2
votes

I am having a hard time understanding the difference between the RDD partitions and the HDFS Input Splits. So essentially when you submit a Spark application:

When the Spark application wants to read from HDFS, that file on HDFS will have input splits (of let's say 64 mb each and each of these input splits are present on different data nodes).

Now let's say the Spark application wants to load that file from HDFS using the (sc.textFile(PATH_IN_HDFS)). And the file is about 256 mb and has 4 input splits where 2 of the splits are on data node 1 and the other 2 splits are on data node 2.

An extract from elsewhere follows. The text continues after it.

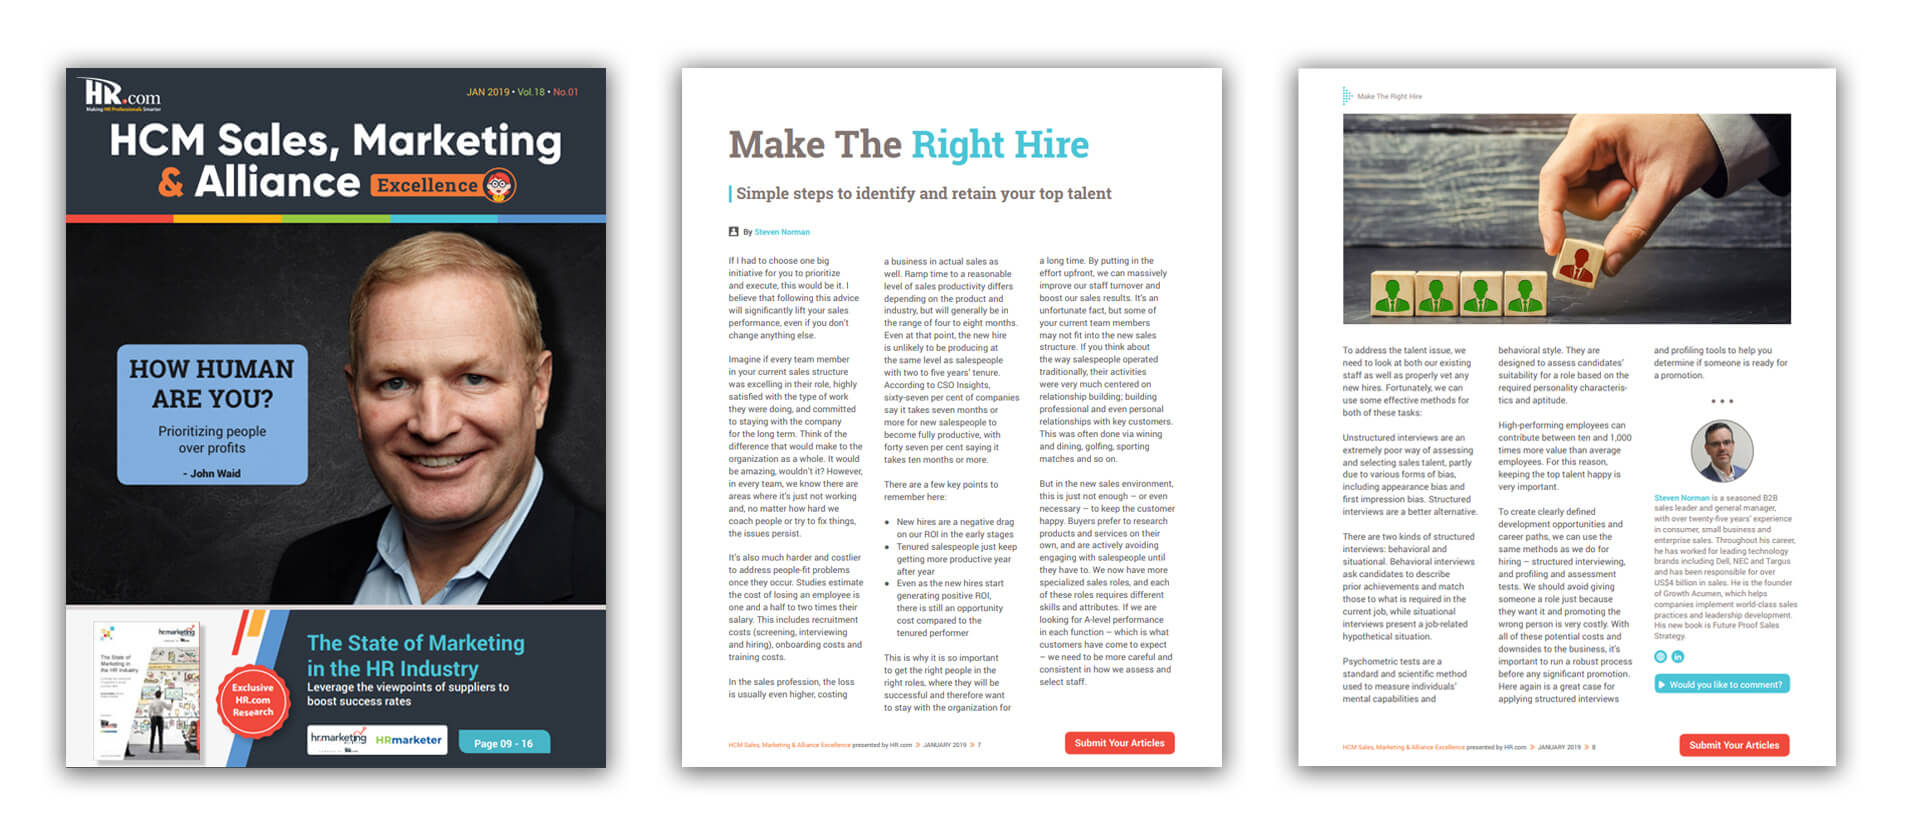 Making the right hire article

Now when Spark loads this 256 mb into it's RDD abstraction, will it load each of the input splits (64mb) into 4 separate RDD's (where you will have 2 RDD's with 64mb of data in data node 1 and the other two RDD's of 64mb of data on data node 2). Or will the RDD further partition those input splits on Hadoop? Also how will these partitions be redistributed then? I do not understand if there is a correlation between the RDD partitions and the HDFS input splits?

2

2 Answers

1
votes

I'm pretty new to Spark, but splits are strictly related to MapReduce jobs. Spark loads the data in memory in a distributed fashion and which machines will load the data can depend on where the data are (read: somewhat depends on where the data block are and this is very close to the split idea ). Sparks APIs allows you to think in terms of RDD and no longer splits. You will work on RDD, how are distributed the data into the RDD is no longer a programmer problem. Your whole dataset, under spark, is called RDD.

0
votes

Hope the below answer would help you.

When Spark reads a file from HDFS, it creates a single partition for a single input split.

If you have a 30GB text file stored on HDFS, then with the default HDFS block size setting (128MB) it would be stored in 235 blocks, which means that the RDD you read from this file would have 235 partitions.